I went to work. In a flash, I'd found a suitable vein, high on her shoulder, near her core. I ran the tips of my gloved fingers over the raised blue swell, and pierced her skin with a large gauge needle. The warm fluids began to flow.
"Come on." Dr. Anderson said, removing the bag and shaking her shoulder. "Ma'am! Breathe."
The gasp the woman gave relieved us all.
Her lids flipped open, and she fixed me with a blood-tinged stare. "You!" the woman yelled. "Where is it?"
"Welcome back, miss," Dr. Anderson said, patting her shoulder. "You're in the emergency room at St. Johns. You've had an accident."
The woman refused to look at him, but her eyes drilled into me, through me. I had an impulse to reach for Nightshade but, of course, my blade wasn't on my back.
Overriding my panic impulse, I forced my voice to respond in a gentle, even tone. "Just relax. You're going to be fine." I patted her shoulder.
"Not fine," she rasped. A hand shot out from under the blanket and grabbed my wrist, pulling me toward her. Before I could register what she was doing, a pillar of water exploded from her mouth, drenching me in icy cold vomit.
I jolted backwards, the witchy part of me going all five-alarm tingly. Either this woman was possessed or someone had released a can of bees up my spine. Her voice echoed, a deep baritone hiss, and the smell of wet vermin filled my nostrils.
"You can't hide the book forever. We know you have it."
"What?" I whispered.
Dr. Anderson shot me a beware-the-crazy-patient look, and helped me pry her fingers from my arm. "What's your name?" he asked.
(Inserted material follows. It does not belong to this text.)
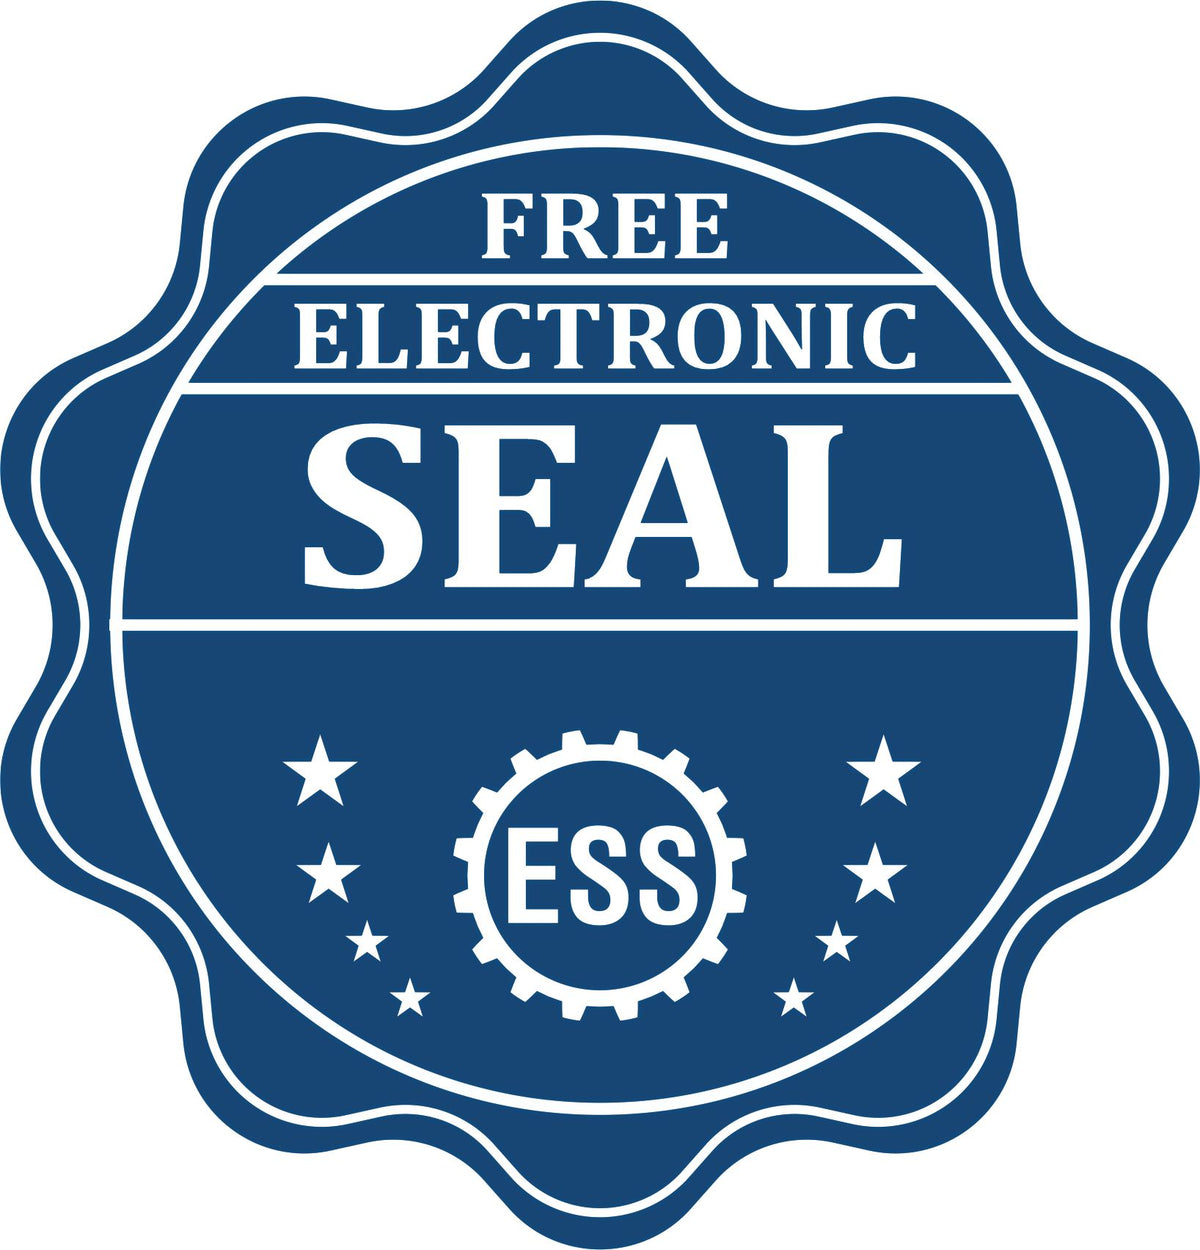 A badge showing a free electronic seal for the Slim Pre-Inked Montana Land Surveyor Seal Stamp with stars and the ESS gear on the emblem.

The woman laughed, low and cruel. "I have a message for you, Hecate. The book is as good as ours. You can either cooperate or be eliminated."
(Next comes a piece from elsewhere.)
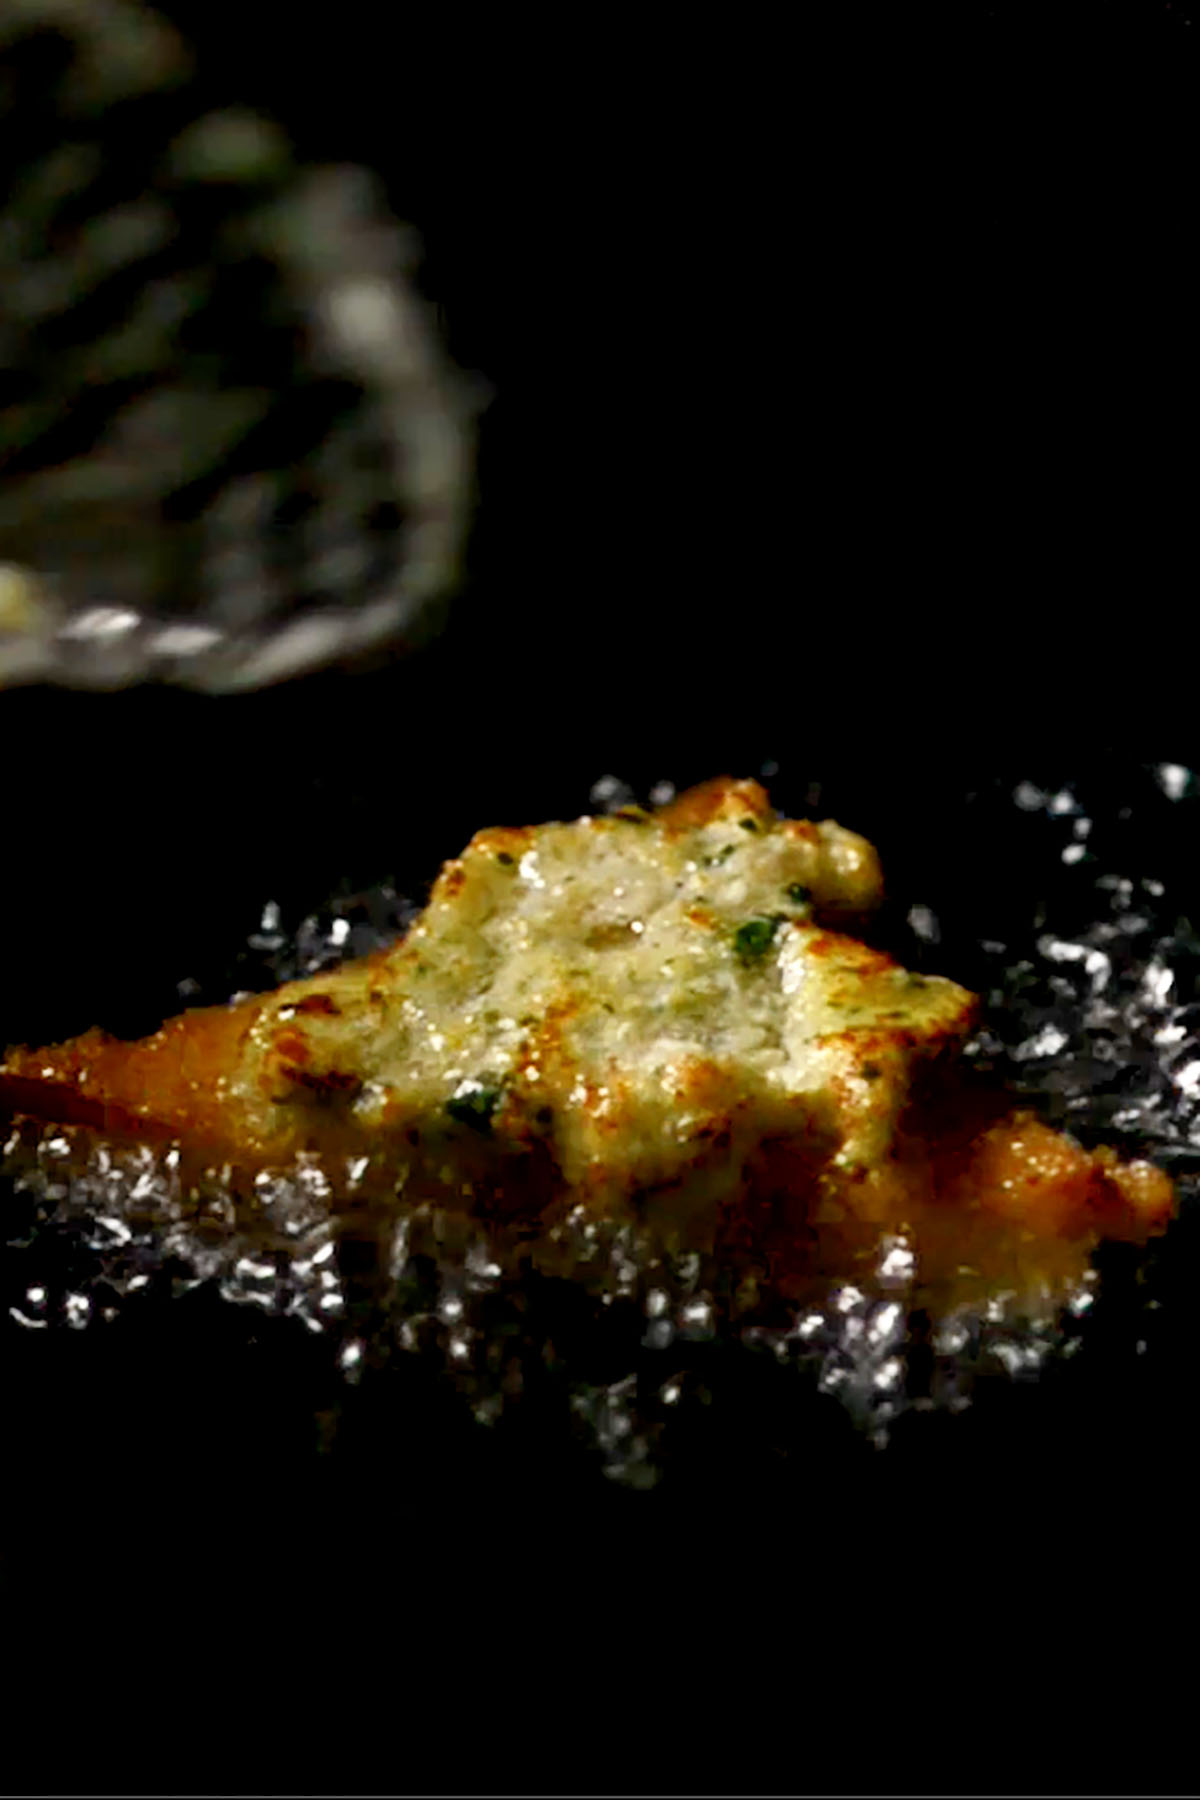 A piece of shrimp toast frying in oil.

With a confused glance in my direction, Dr. Anderson piped up. "Your name, ma'am? We need to know who you are. Can we call someone for you?"
She rolled her head on the table, finally training her eyes on the doctor. A wicked cackle turned into a rattling cough. I watched a dark mist escape her lips, waft to the ceiling, and disappear into the nearest vent. Shit! Instantly, the woman seized on the table and the steady tone of a flat-lined heart monitor filled the room. I started CPR. Jay grabbed the paddles and we defibrillated the woman. But she never regained consciousness.
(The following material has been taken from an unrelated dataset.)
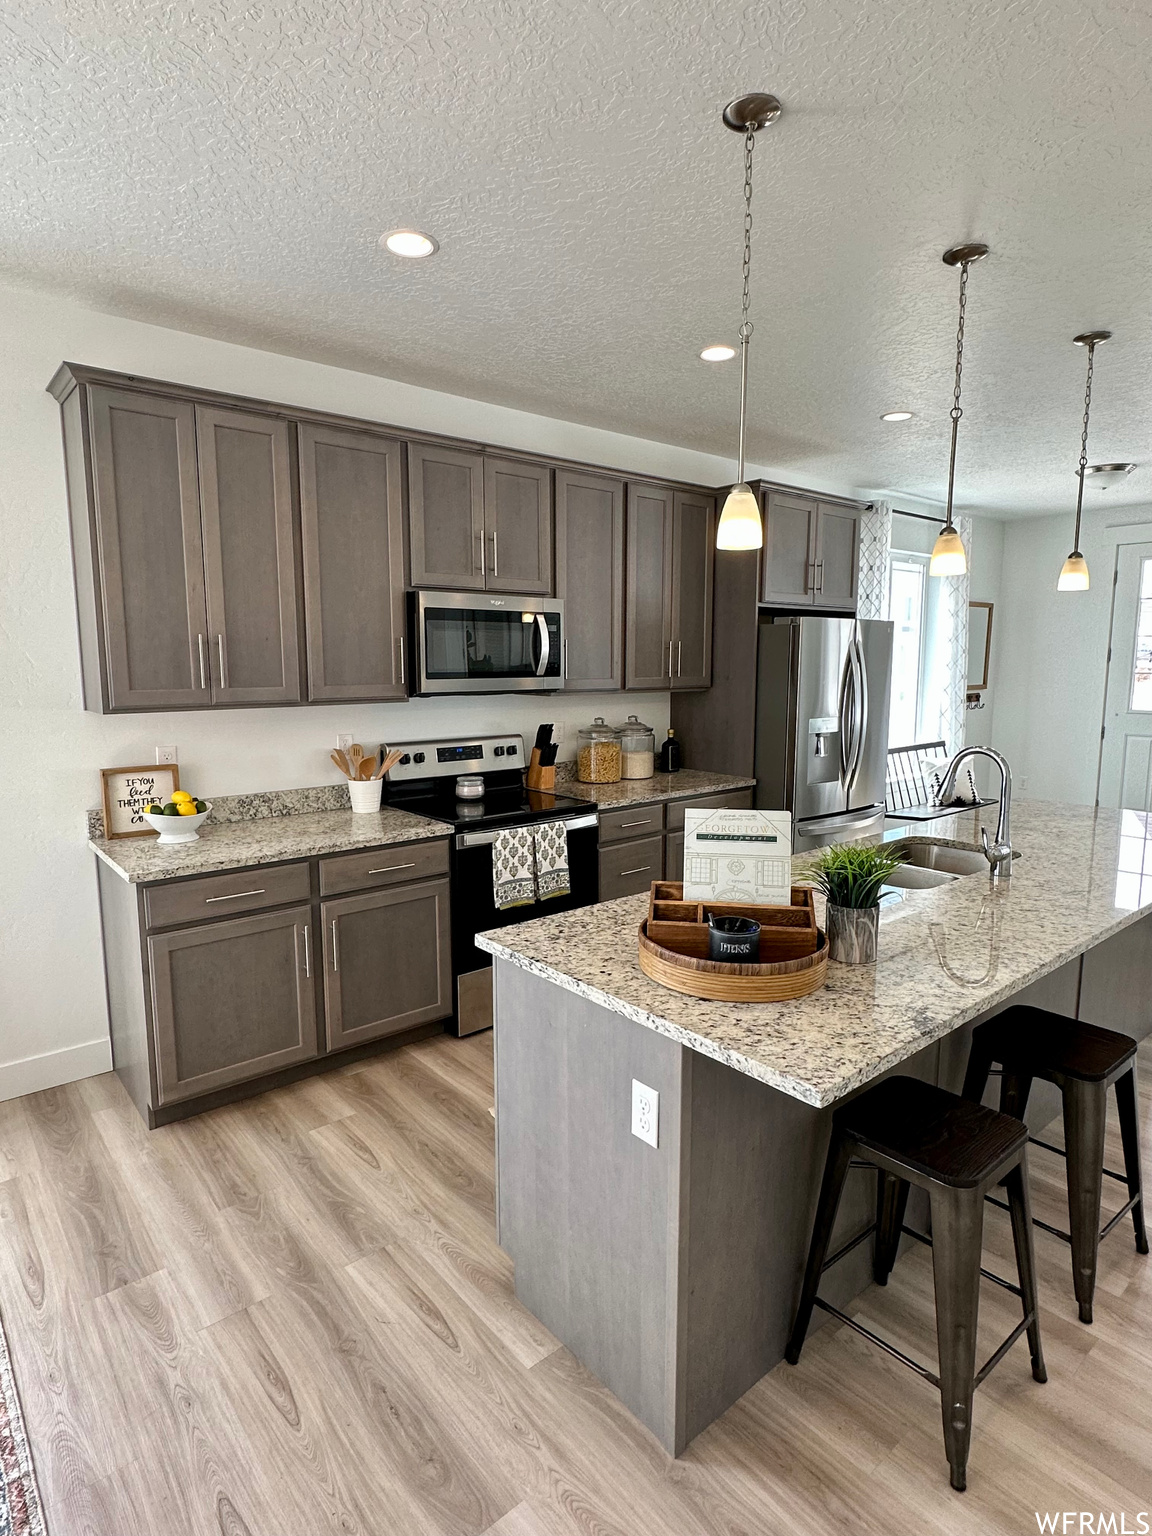 Kitchen with hanging light fixtures, light hardwood / wood-style floors, appliances with stainless steel finishes, a  large center island with sink.

I didn't have to ask if Jay or Dr. Anderson had seen the mist; they couldn't see the supernatural and that wasn't indigestion oozing out from between her lips. The buzz of my power pressed against my skin. I itched to have Nightshade in my hand.
As soon as the woman's body was processed, I took a moment in the break room and consulted my Book of Light app. Yep. I'd seen this baddy before in a past life. The vaporous demon was called a Nightmare or Cauchemar. Usually, the black mist was relatively harmless. At night, the demons only became corporeal in the presence of a sleeping human. Named for their habit of weighing down people's chests while they slept, they fed on the resulting fear. As terrorizing as they could be, in their natural form they couldn't actually hurt anyone. The person affected would simply wake up and the nightmare would disappear. Obviously, this one had graduated to more sinister pursuits. Possession was a serious metaphysical felony and something the creature couldn't accomplish on its own. It would take a witch or other magical creature to facilitate the possession. I owed this thing judgment and prison time, along with whatever entity had enabled it. Worse, the grim vapor was asking about the book, which meant it was probably working with Julius and targeting me.